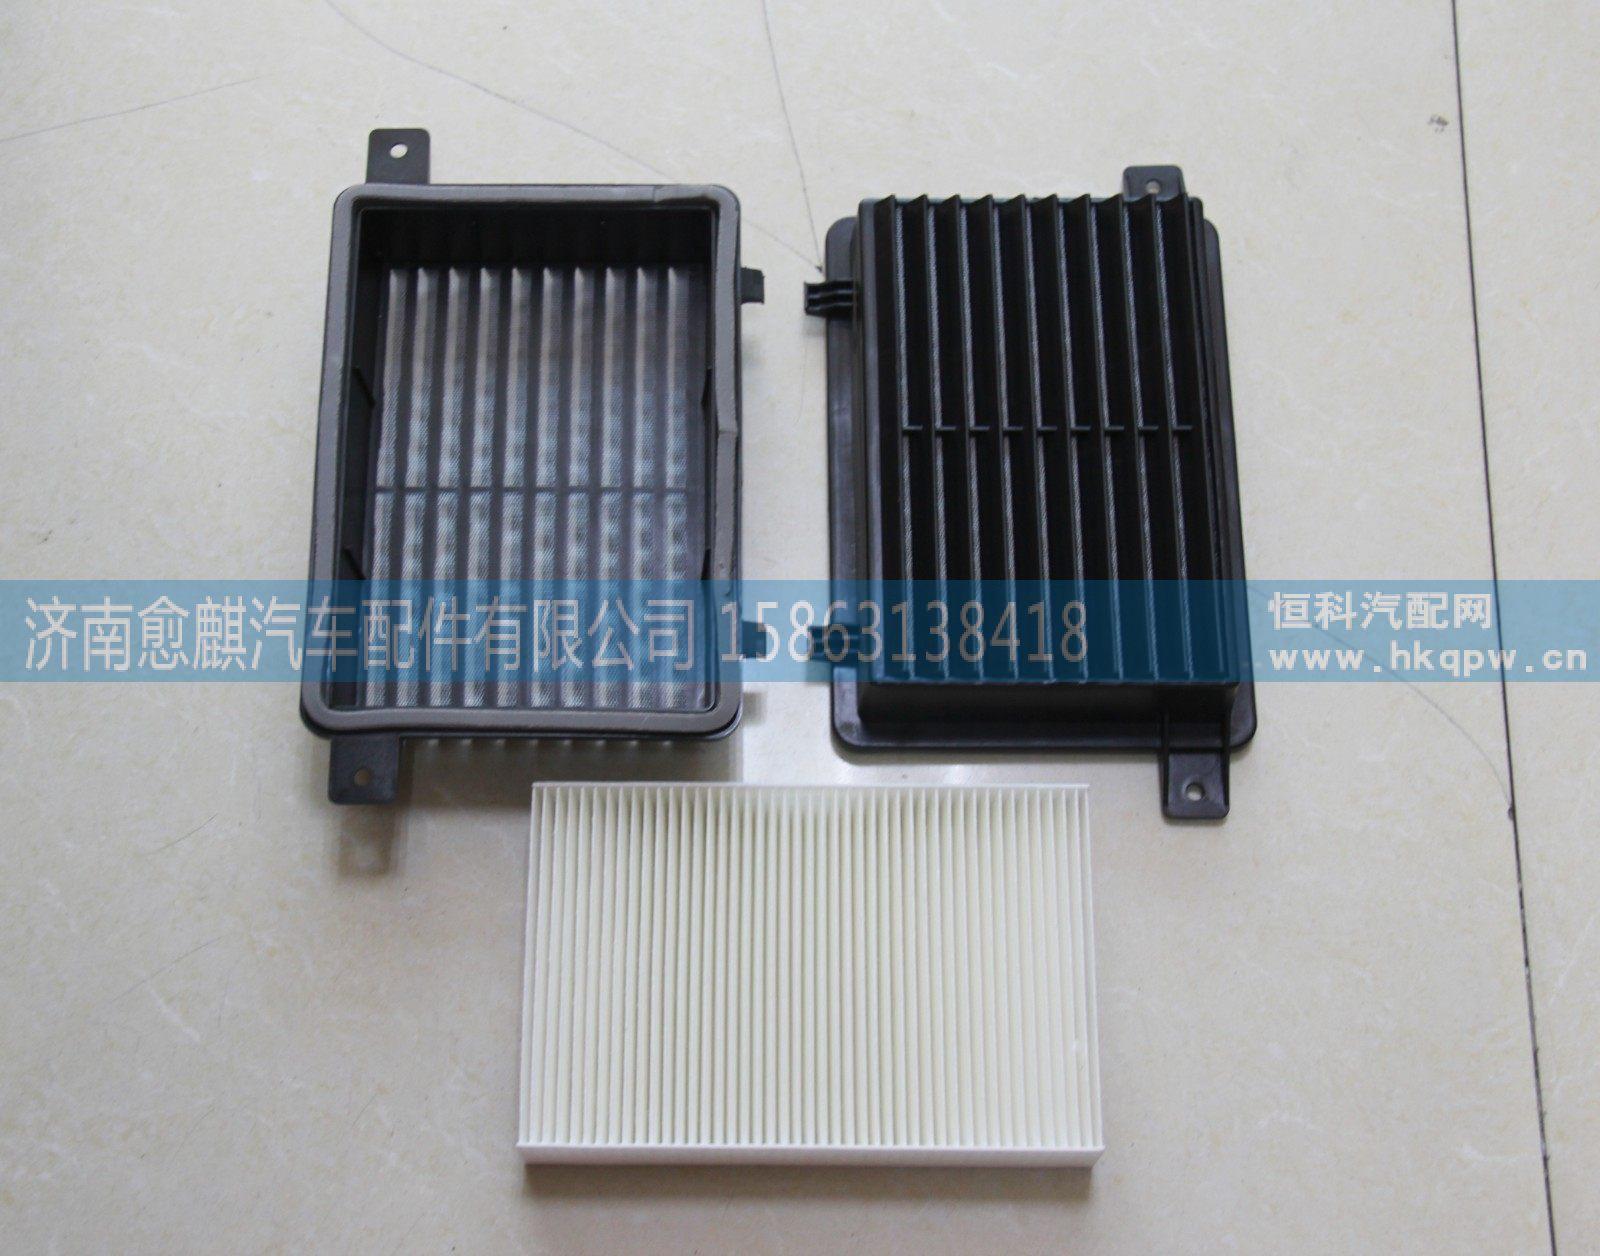 HOWO矿车空调滤网 WG1642820061/WG1642820061
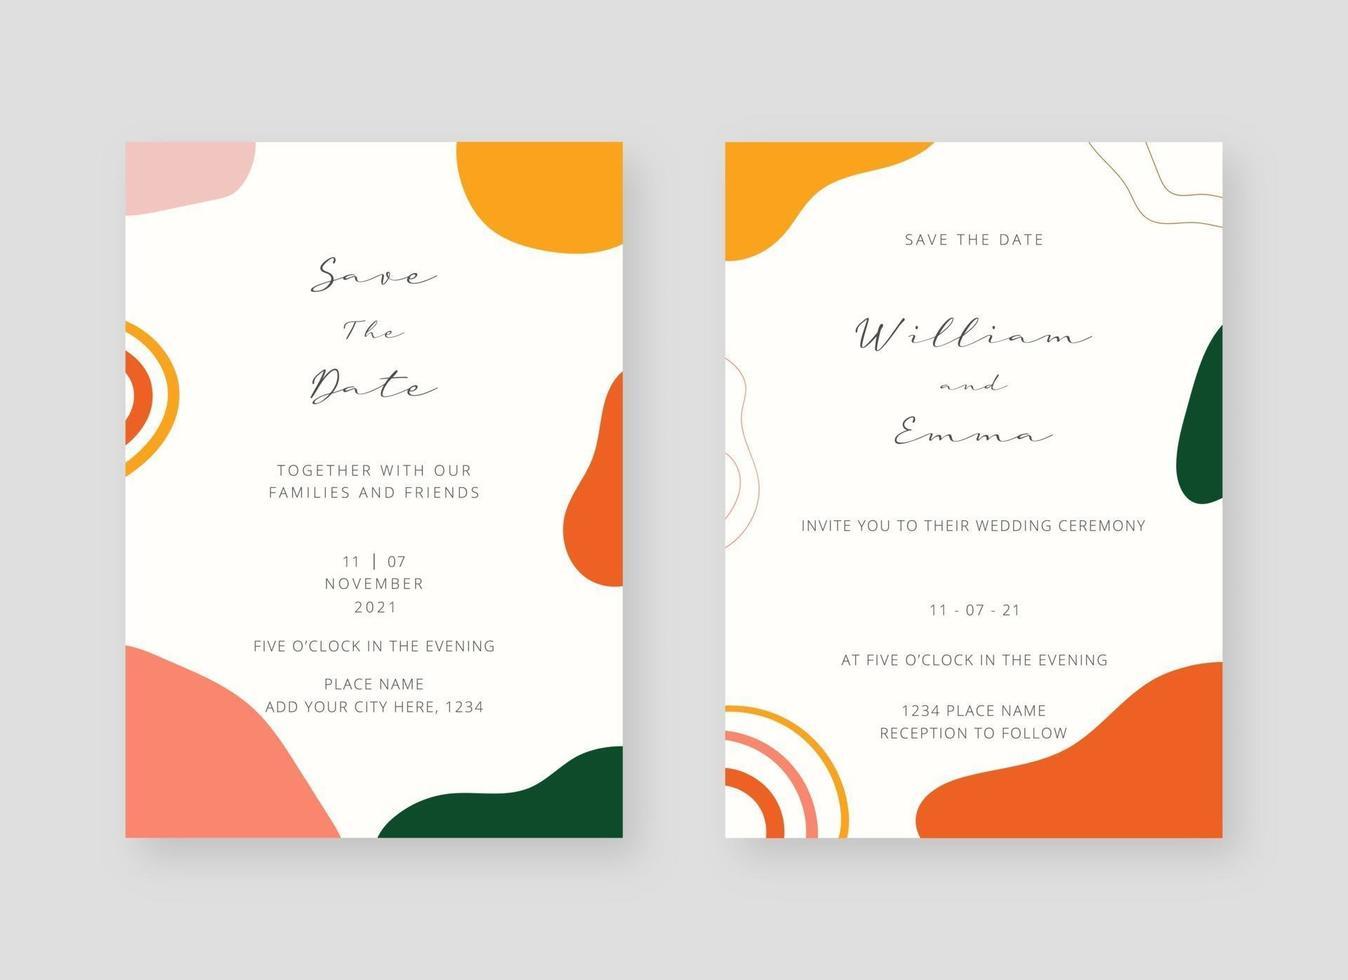 https www vecteezy com vector art 2065767 invitation card template set of wedding invitation card template design vector decorative design background
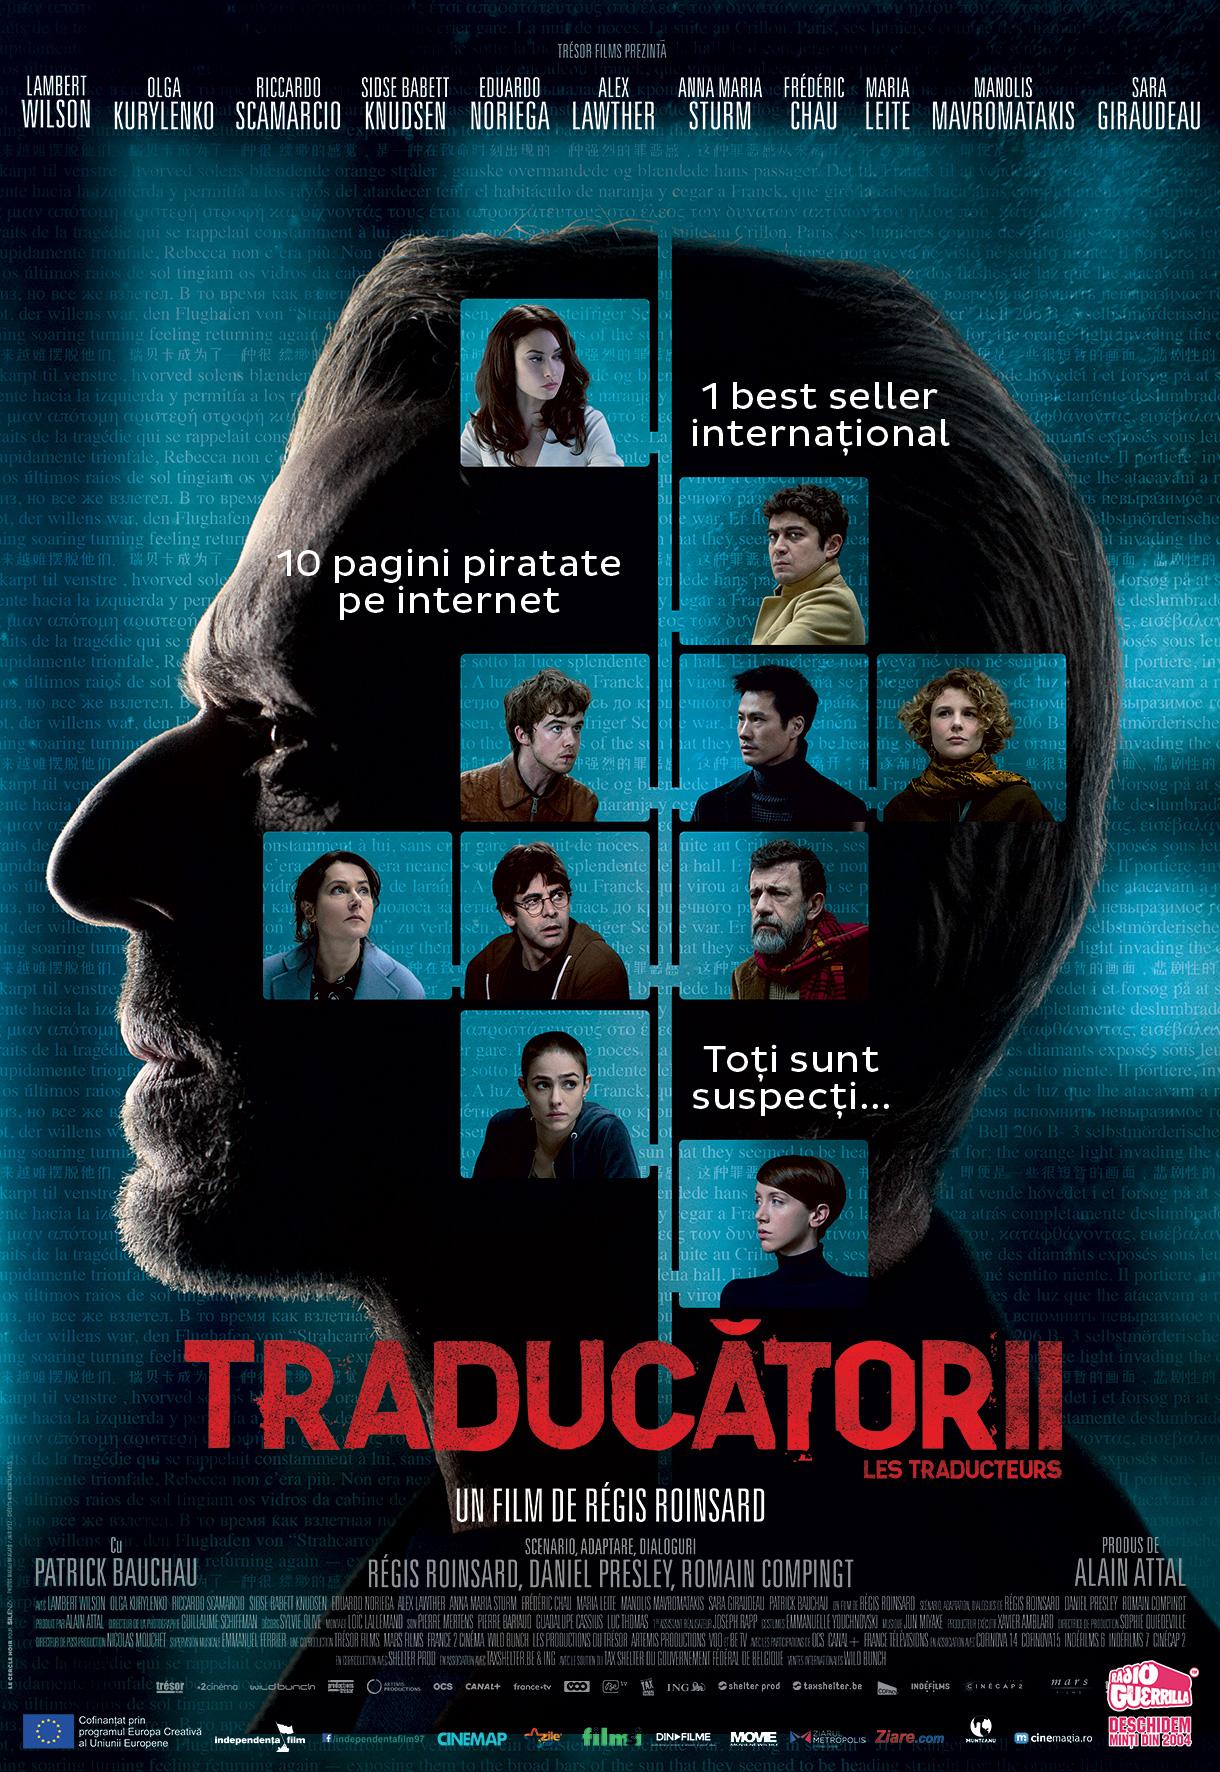 Traducatorii - Le Traducteurs poster

════

### Exercise:
The whole listing above must be returned exactly as written, with no pictures carried over.

### Task output:
 HOWO矿车空调滤网 WG1642820061/WG1642820061
 https www vecteezy com vector art 2065767 invitation card template set of wedding invitation card template design vector decorative design background
 Traducatorii - Le Traducteurs poster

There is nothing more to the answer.